TASK ITEM:
Your task is to copy the stretch of lines in the records below that begins with the line containing "Helly Hansen Junior" and ends with the line containing "Suzuki Kingquad LTA750", exactly as written, with nothing added.

:: MATERIAL FOR THIS TASK

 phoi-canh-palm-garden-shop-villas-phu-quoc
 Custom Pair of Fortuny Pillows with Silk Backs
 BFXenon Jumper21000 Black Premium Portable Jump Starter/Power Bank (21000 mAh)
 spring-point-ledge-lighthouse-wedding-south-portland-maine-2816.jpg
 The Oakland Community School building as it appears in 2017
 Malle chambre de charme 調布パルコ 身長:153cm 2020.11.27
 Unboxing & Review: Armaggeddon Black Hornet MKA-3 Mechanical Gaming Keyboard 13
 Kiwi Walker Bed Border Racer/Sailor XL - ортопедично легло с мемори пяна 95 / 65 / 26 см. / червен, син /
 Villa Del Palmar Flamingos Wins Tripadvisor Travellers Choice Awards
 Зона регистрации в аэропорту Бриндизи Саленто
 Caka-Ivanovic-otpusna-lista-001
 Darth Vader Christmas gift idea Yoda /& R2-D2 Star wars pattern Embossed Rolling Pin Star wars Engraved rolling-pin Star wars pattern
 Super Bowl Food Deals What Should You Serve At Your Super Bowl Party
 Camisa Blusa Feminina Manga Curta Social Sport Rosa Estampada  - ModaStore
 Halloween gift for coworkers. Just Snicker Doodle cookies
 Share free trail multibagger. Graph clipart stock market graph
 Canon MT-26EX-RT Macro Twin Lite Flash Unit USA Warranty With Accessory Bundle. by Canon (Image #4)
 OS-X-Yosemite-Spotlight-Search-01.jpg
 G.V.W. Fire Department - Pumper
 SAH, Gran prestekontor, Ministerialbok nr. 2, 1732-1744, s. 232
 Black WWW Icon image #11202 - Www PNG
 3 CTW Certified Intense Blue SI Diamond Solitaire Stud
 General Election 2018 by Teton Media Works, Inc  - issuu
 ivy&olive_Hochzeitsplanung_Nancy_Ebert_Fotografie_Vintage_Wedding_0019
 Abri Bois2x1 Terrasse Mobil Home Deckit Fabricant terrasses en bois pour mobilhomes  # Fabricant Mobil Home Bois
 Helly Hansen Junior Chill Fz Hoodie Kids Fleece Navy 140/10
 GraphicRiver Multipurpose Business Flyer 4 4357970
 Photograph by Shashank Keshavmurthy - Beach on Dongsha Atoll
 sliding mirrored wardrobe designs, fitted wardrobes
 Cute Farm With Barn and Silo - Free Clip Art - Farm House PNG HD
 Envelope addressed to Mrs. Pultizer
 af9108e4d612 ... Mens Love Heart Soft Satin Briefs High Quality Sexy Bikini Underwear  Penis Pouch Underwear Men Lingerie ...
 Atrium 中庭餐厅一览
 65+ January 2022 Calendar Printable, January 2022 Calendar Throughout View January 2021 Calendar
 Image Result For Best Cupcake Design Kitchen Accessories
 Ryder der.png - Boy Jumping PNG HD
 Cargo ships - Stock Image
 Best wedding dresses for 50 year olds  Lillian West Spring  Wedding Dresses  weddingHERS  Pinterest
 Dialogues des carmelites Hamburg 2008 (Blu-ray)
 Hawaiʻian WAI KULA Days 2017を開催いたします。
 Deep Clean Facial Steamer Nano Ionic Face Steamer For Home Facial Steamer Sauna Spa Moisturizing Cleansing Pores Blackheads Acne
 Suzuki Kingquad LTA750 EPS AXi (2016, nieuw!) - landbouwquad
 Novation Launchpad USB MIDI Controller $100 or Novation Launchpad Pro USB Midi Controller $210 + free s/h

::::

SOLUTION:
 Helly Hansen Junior Chill Fz Hoodie Kids Fleece Navy 140/10
 GraphicRiver Multipurpose Business Flyer 4 4357970
 Photograph by Shashank Keshavmurthy - Beach on Dongsha Atoll
 sliding mirrored wardrobe designs, fitted wardrobes
 Cute Farm With Barn and Silo - Free Clip Art - Farm House PNG HD
 Envelope addressed to Mrs. Pultizer
 af9108e4d612 ... Mens Love Heart Soft Satin Briefs High Quality Sexy Bikini Underwear  Penis Pouch Underwear Men Lingerie ...
 Atrium 中庭餐厅一览
 65+ January 2022 Calendar Printable, January 2022 Calendar Throughout View January 2021 Calendar
 Image Result For Best Cupcake Design Kitchen Accessories
 Ryder der.png - Boy Jumping PNG HD
 Cargo ships - Stock Image
 Best wedding dresses for 50 year olds  Lillian West Spring  Wedding Dresses  weddingHERS  Pinterest
 Dialogues des carmelites Hamburg 2008 (Blu-ray)
 Hawaiʻian WAI KULA Days 2017を開催いたします。
 Deep Clean Facial Steamer Nano Ionic Face Steamer For Home Facial Steamer Sauna Spa Moisturizing Cleansing Pores Blackheads Acne
 Suzuki Kingquad LTA750 EPS AXi (2016, nieuw!) - landbouwquad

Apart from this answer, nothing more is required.